Our owners have their faults, but at least we can say that they are FANS in the truest sense of the word, and unlike most owners in the Premier League, do attend all matches, home and away.
Can any of the supporters of the supposed big six make that claim about their owners??
I wonder what Martin Samuel thinks about us and our plans and aspirations now??
O T B C
Dave, a great article. You’re right they don’t speak for us, but your well written article does.
The Premiership was the beginning of the end of football being any kind of level playing field.
A relatively small club like Burnley in the 60s could compete in the old Divisions one, they were owned by Bob Lord a local Butcher.. what are their chances to truly compete these days.
Man City lost £120m last year, this week they had players worth £300m on the bench.
Here we are once again in the PL, we already know the season will not have anywhere the excitement we have seen in our last two promotions. Like this season we will be looking over our shoulder, this season watching who might catch us, the coming season counting how many are below us.
In the first year of the PL we managed to finish the season in third place, since then the playing field has progressively got more and more uneven.
The totally ridiculous amount of money paid in wages, transfer fees, agents fees and the cheating, and so on has killed the game that us older fans loved.
However I still love football itself, but not what it has become..
UEFA just need to ban all ESL teams from European competition for 2 seasons, loss of income and exposure would be damaging.
I think Man Utd have been in decline anyway as a brand.
Certainly I like the ethos of ‘We’re Norwich City we’ll do what we want’
One from the heart, and I empathise with most of it, The truth is that we, the fans, don’t own Norwich City however deep our emotional attachment to it and the length of our support and we are lucky(?) that we, as a club have had our recent successes by ‘doing it the right way’ – self-financing model etc.
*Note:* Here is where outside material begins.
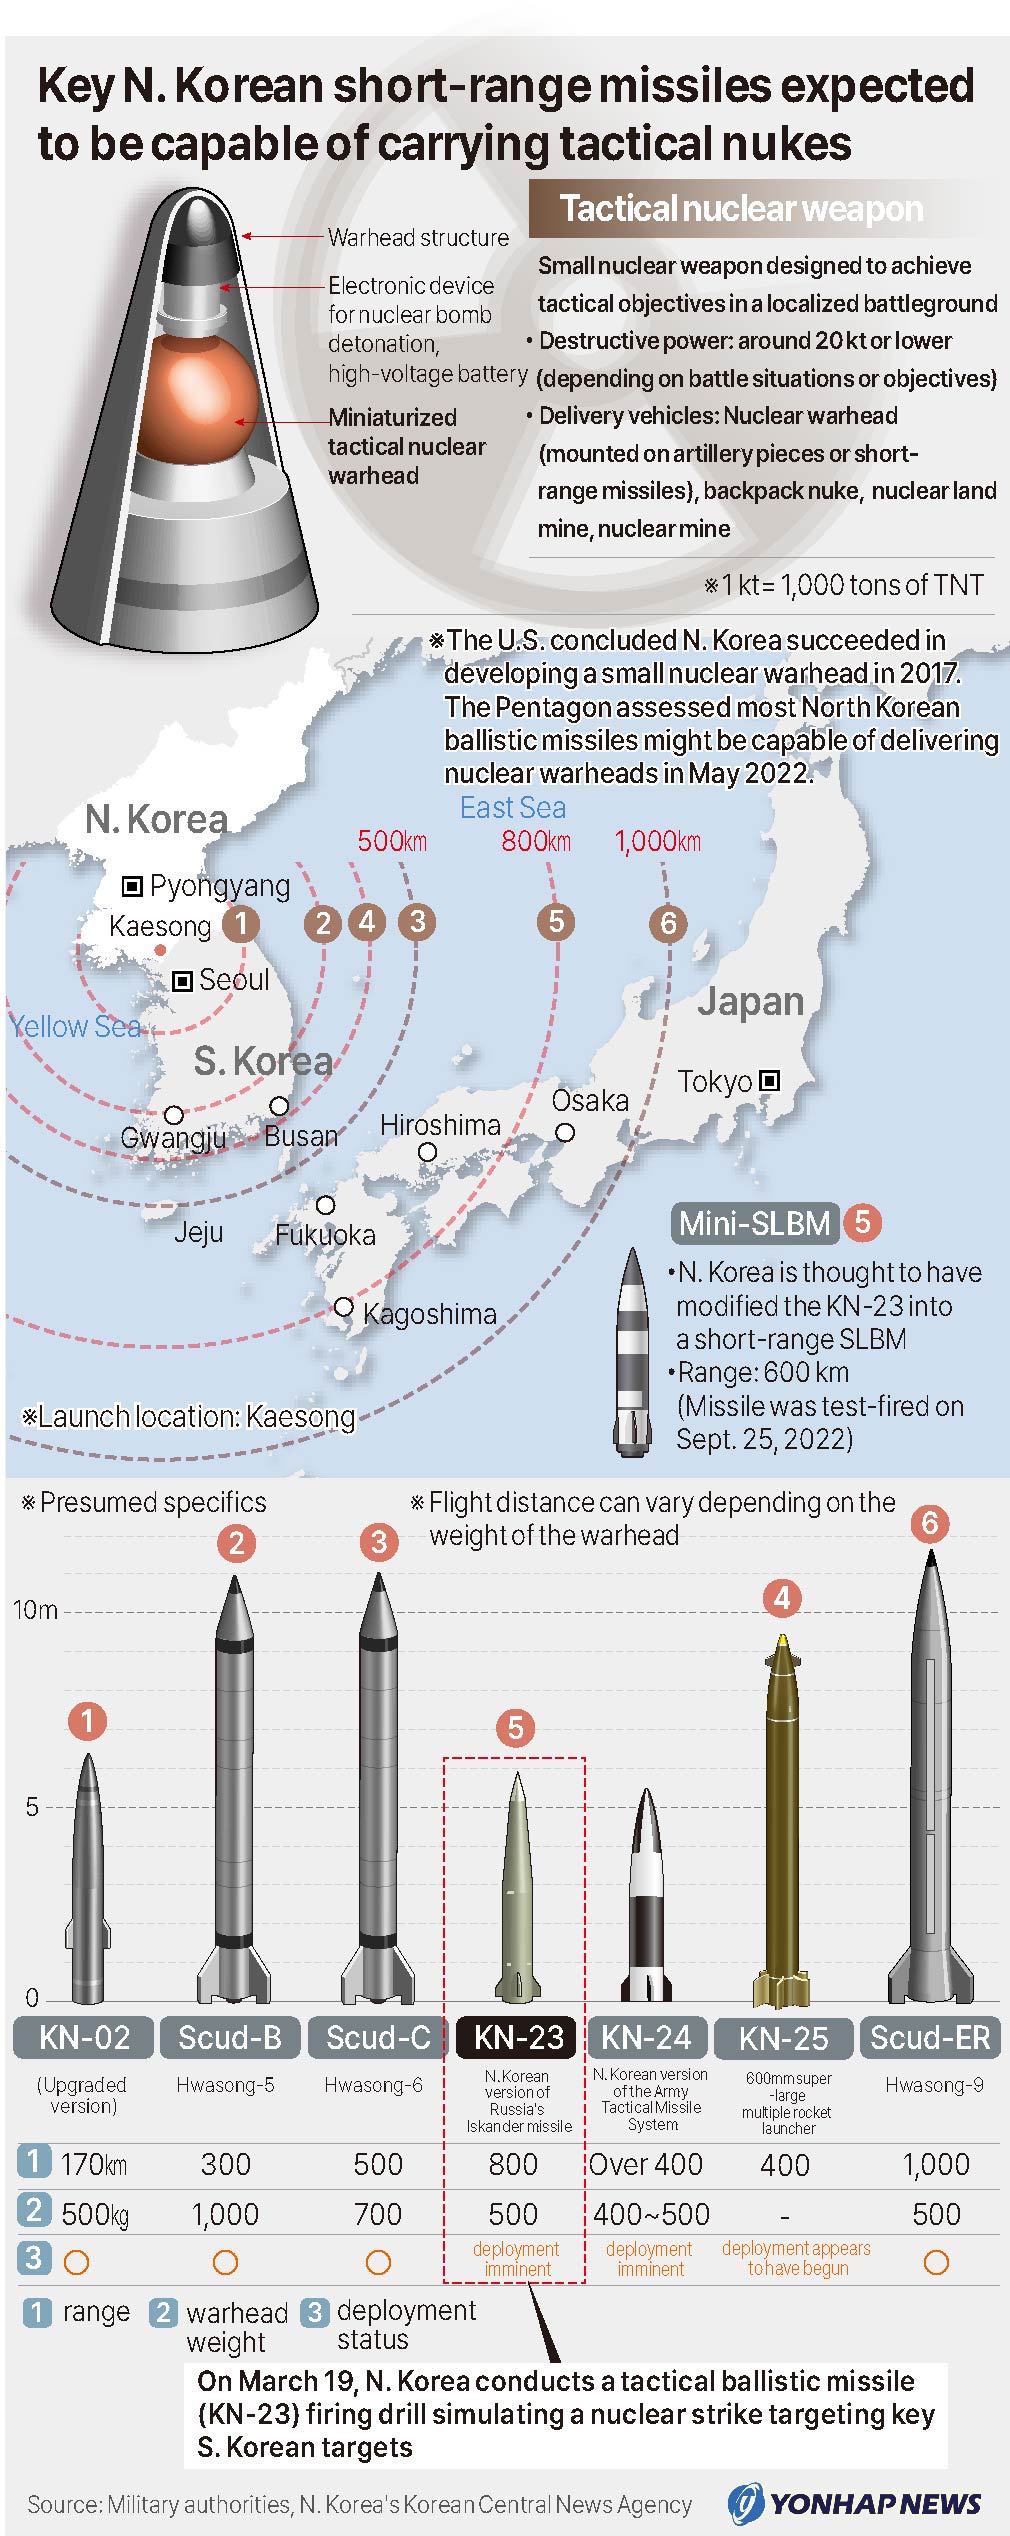 Key N. Korean short-range missiles expected

When, as seems likely we struggle again in the EPL some of our supporters will be saying ‘Farke out’, ‘new model needed with outside investment’ and so on. We have I think, been very fortunate in our appointments – Webber and Farke and I hope that we can follow them up with wise appointments.
I don’t know what the answer is. Many people refer to the German model of 50 + 1 of ownership but do the fans really have a say in those clubs? With Bayern Munich Addidas and Audi hold a significant amount of shares. Barcelona is owned by its fans or membership but this hasn’t stopped them getting into almost catastrophic debt and still, apparently being a part of the European super League (along with Madrid).
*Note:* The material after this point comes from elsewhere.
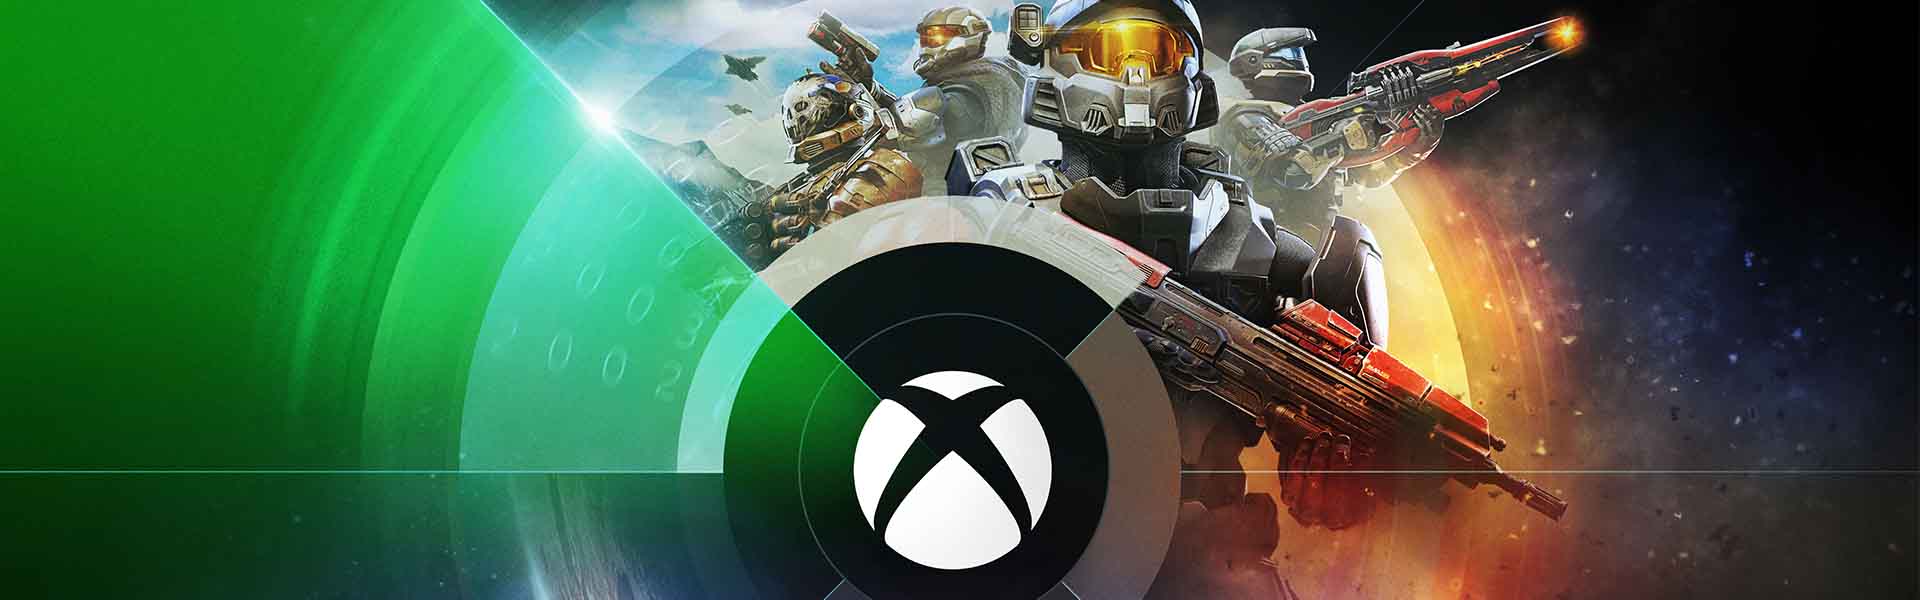 Xbox Showcase Banner

Good to see Man Utd fans protesting – but the violence and invasion of the ground were not justified. It will be interesting to see if they are docked points for this (imagine the outrage if it was Millwall).
An ESL may still come about (it has probably been kicked into touch for 2 or 3 years). Meanwhile in 2024 the UEFA Champions League format has changed, guaranteeing 10 games minimum to all competitors with some automatic places from these mini leagues in the knock out stage and just in case one or two big clubs slip up a number of 2 legged playoffs to get to that stage. For most fans it’s all meaningless.
If there is another attempt to form a European Super League my view is good riddance to the clubs that want to join it. Ban them from the EPL and Football League and I’d be very wary about allowing them to compete for the FA Cup.
I wouldn’t trust the Tory party re reforming Football either with news coming out that Ed Woodward (recently resigned CEO of Man Utd) apparently consulted Johnson/Johnson’s staff before the ESL announcement: https://thepeoplesperson.com/2021/04/26/ed-woodward-and-boris-johnson-what-really-happened-in-european-super-league-meeting-224017/
and of course we know that Johnson condemned it, probably after quickly seeing which way the wind was blowing – typical of that lazy incompetent without principles.